Aleksandar Donev wrote:
>
>> How can you say that data parallel is not the place of Fortran?  It  
>> is already there!  Consider FORALL, WHERE, CSHIFT, EOSHIFT (perhaps  
>> even MATMULT), array notation, ...
>>     
> Yes, and it is still there on each image (which might have lots of internal 
> fine-grained parallelism). Data parallelism is great when it is easy to 
> express and when compilers can figure it out. The reason we are adding 
> *explicit* parallelism with explicit data distribution and flow control, is 
> to as to allow much more than that.  Also, IMHO, most of the above constructs 
> and intrinsics, other than array notation, are:
> 1) Not used heavily in real kernels due to differences in optimization among 
> compilers
> 2) Source of frustrations for the vendors trying to optimize bechmarks (matmul 
> being a famous monster) resulting in a waste of resources
> 3) Badly designed to do anything other than vanilla data-parallism (this is 
> why we added DO CONCURRENT even though we have FORALL).
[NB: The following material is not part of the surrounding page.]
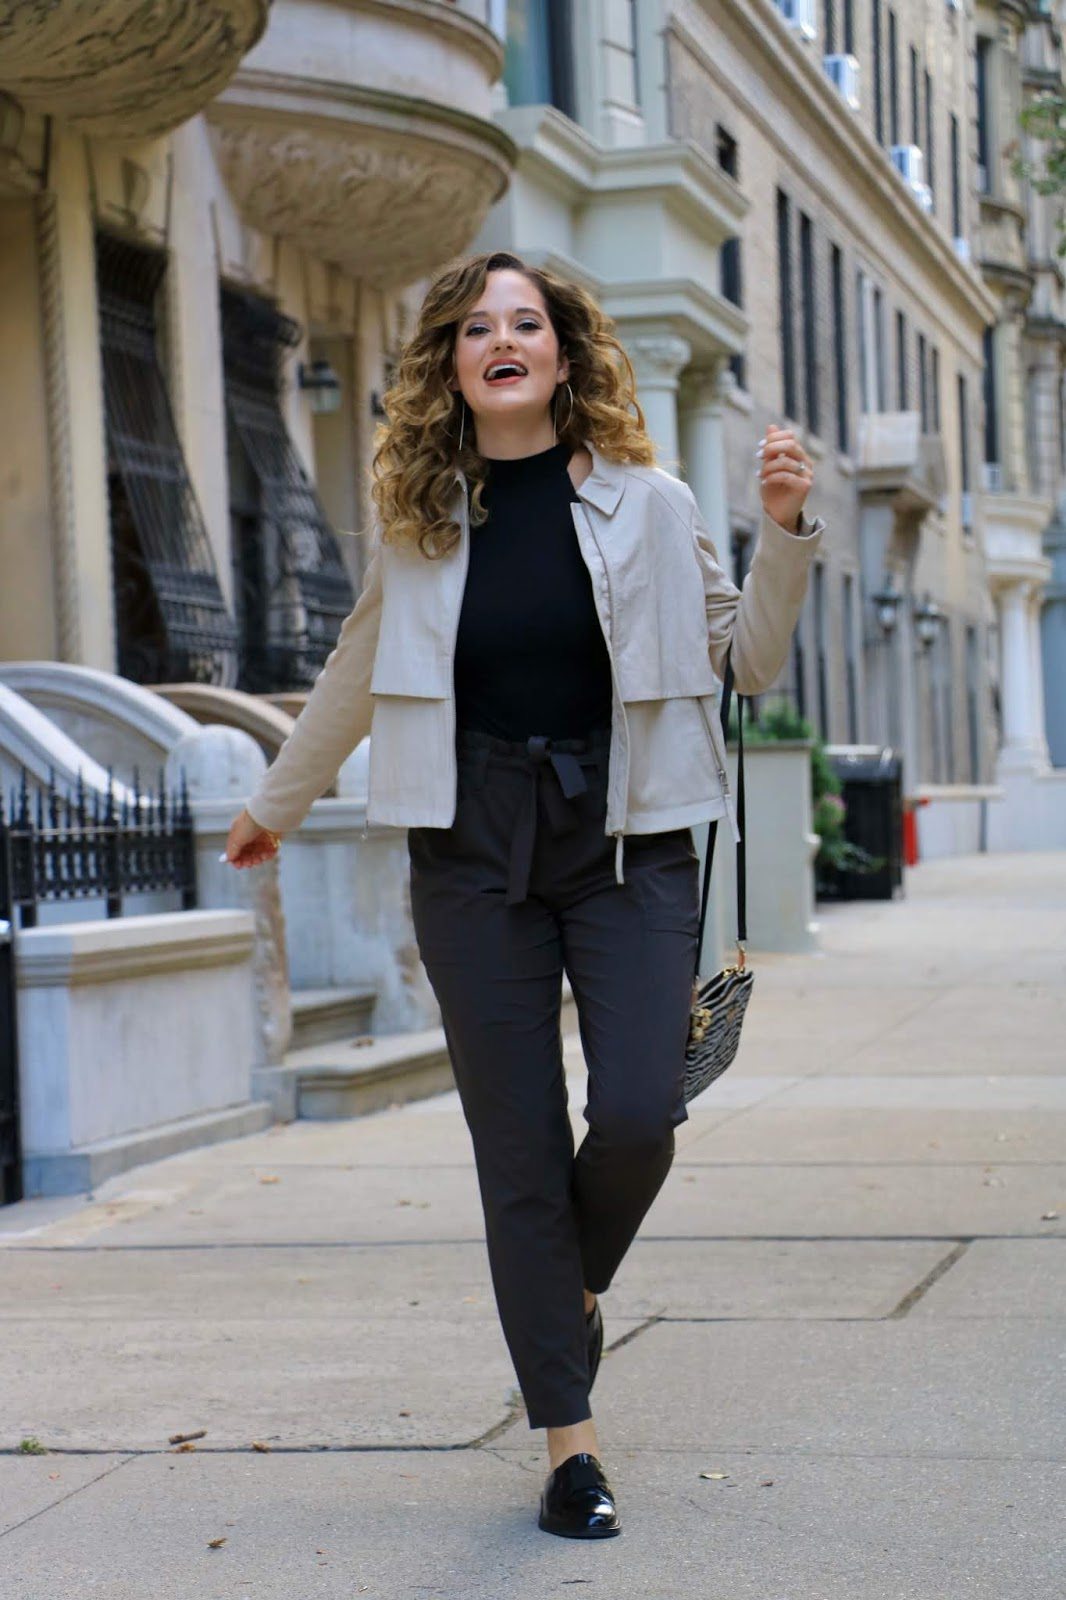 Nyc fashion blogger Kathleen Harper's fall fashion outfit ideas.
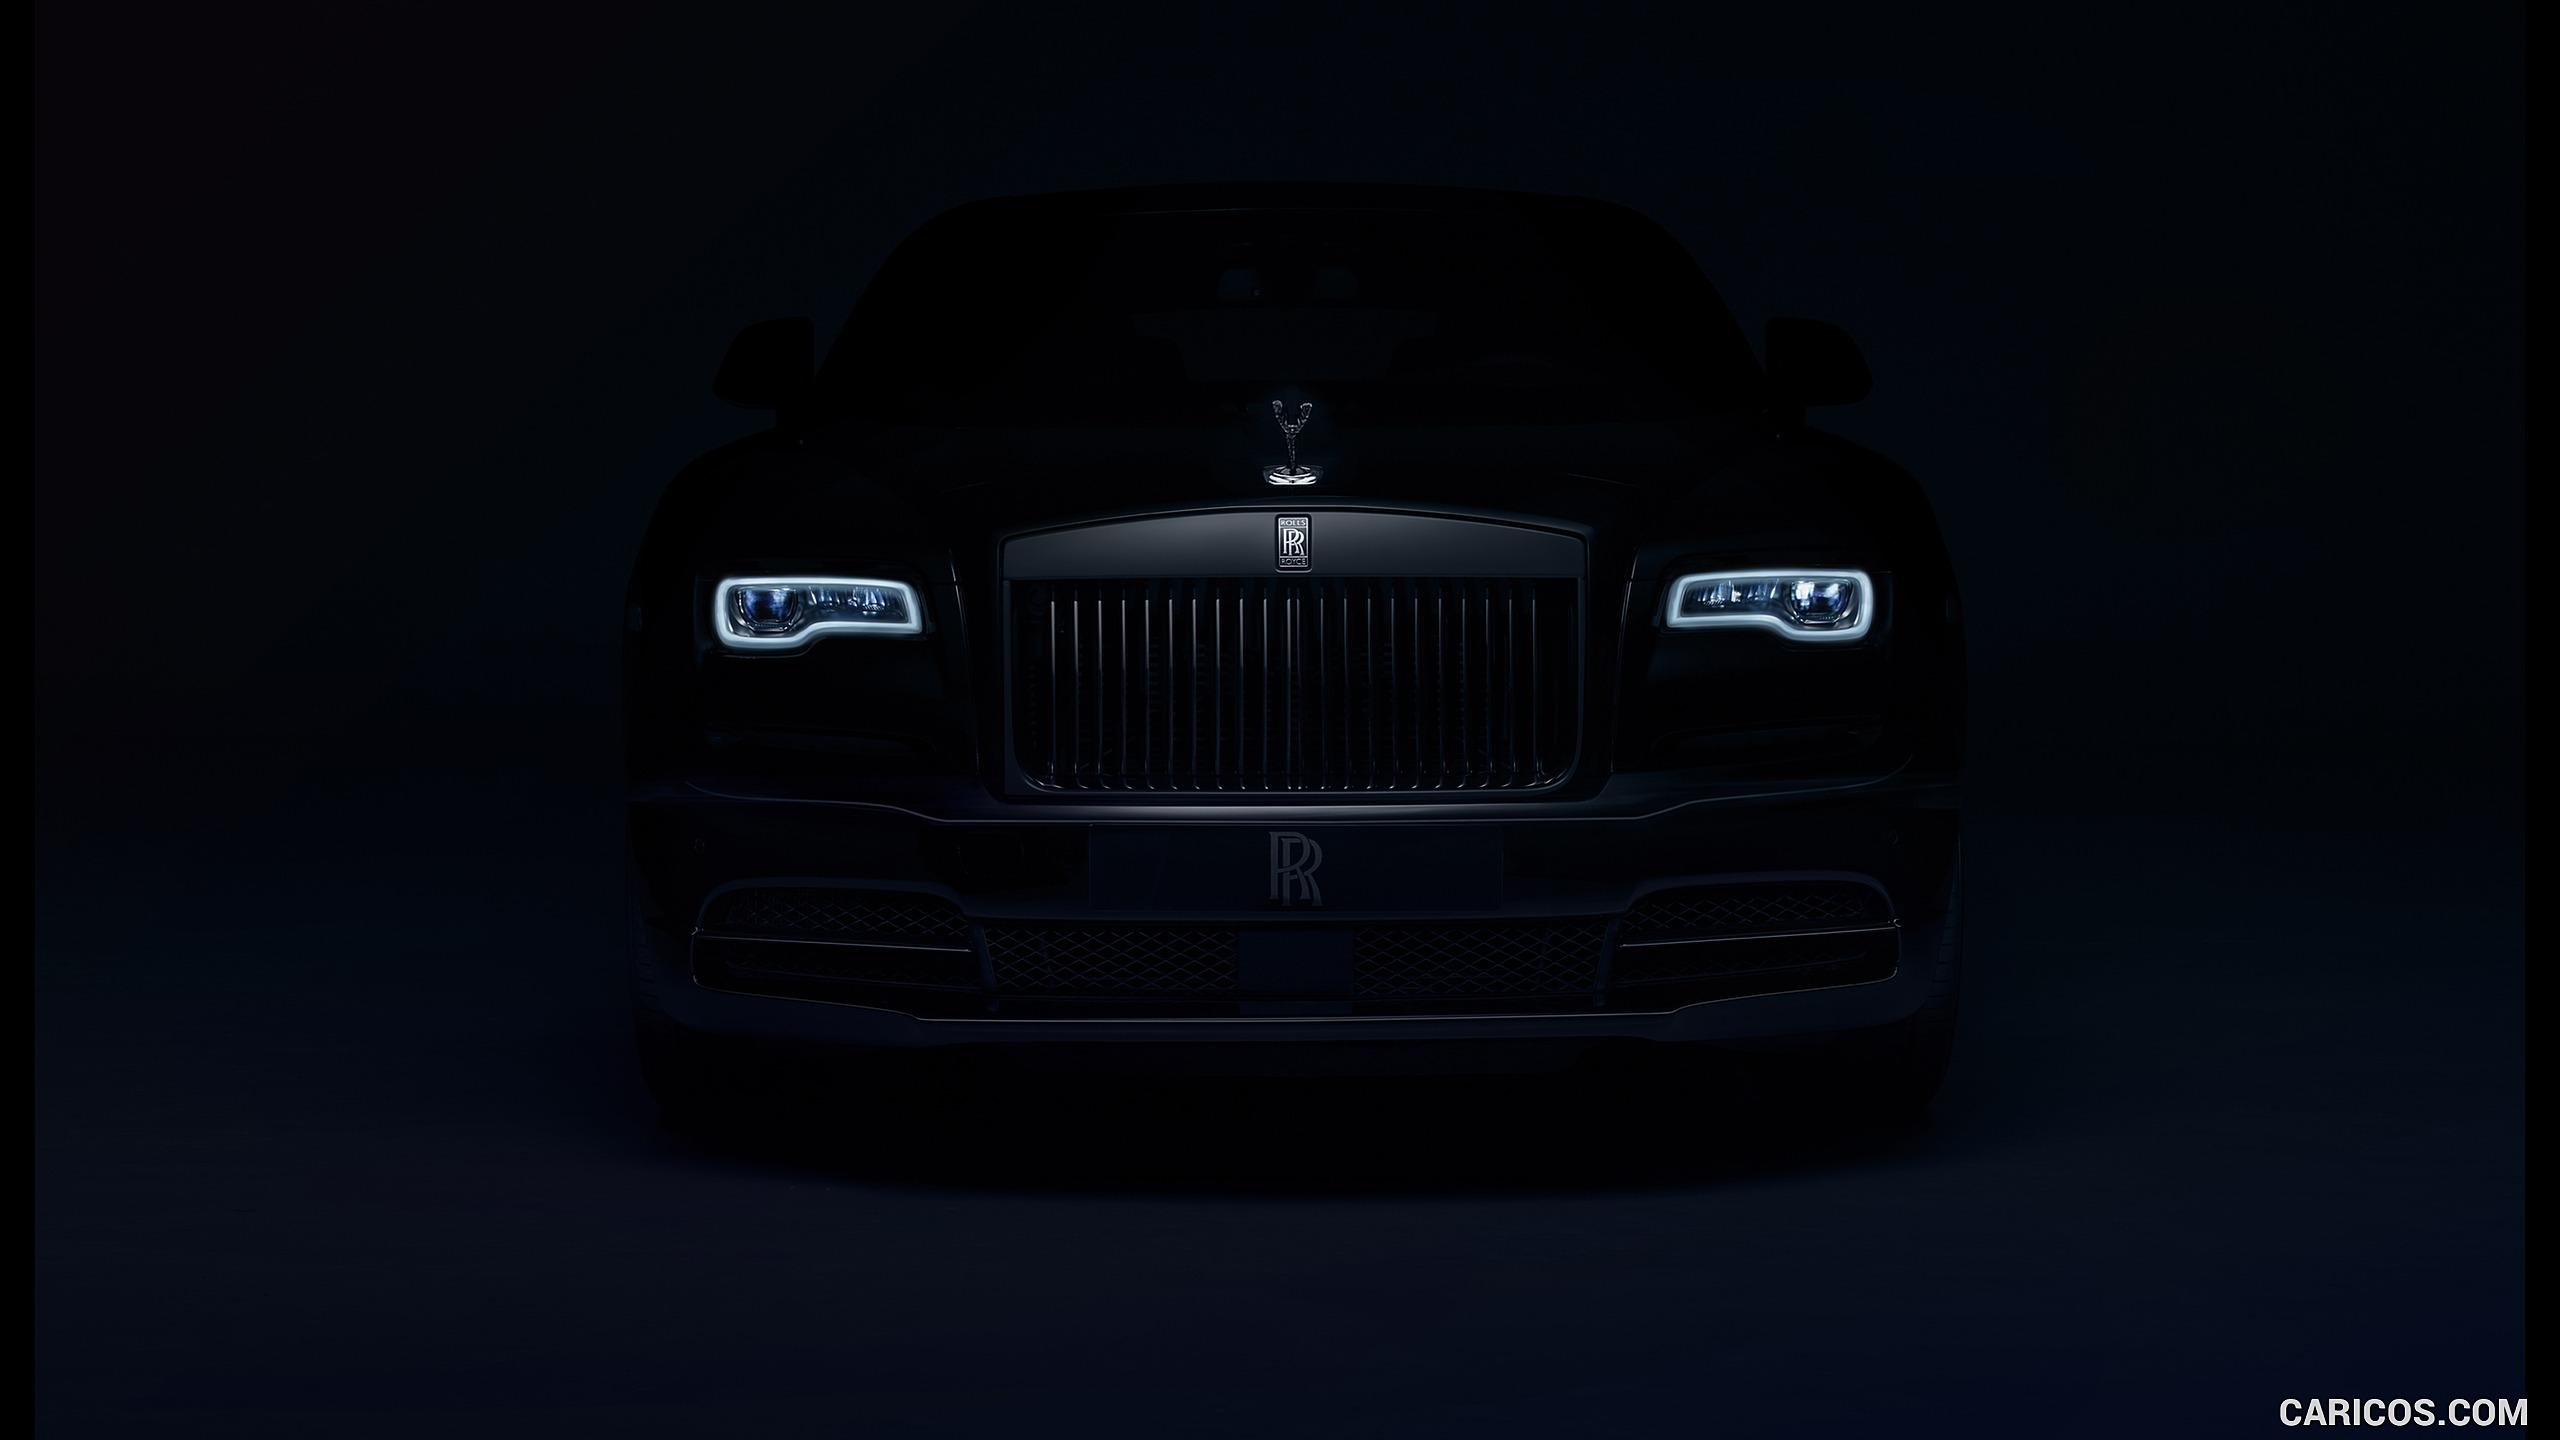 87 Rolls Royce Logo Wallpapers On Wallpapersafari

> 4) Used most often as shortcuts for simple and short loops (this is a good 
> thing, but not a justification for a major change to co-arrays at this date).
>
>
>   
To expand on what Aleks is illuminating above, the basic problem with 
the simple data parallel programming model is that most problems are not 
easily adapted to this structure.  That's the fundamental reason why the 
CM-5 failed and one of the two major reasons HPF failed.  (The other was 
that no one could ever figure out what happened to a distributed array 
at a call site.)   People were just not willing to morph their problem 
into one of processing global arrays.  Even in cases (large rectangular 
data grids) where you might think global arrays are the clear answer, 
the programming is still simpler with the current co-array model.  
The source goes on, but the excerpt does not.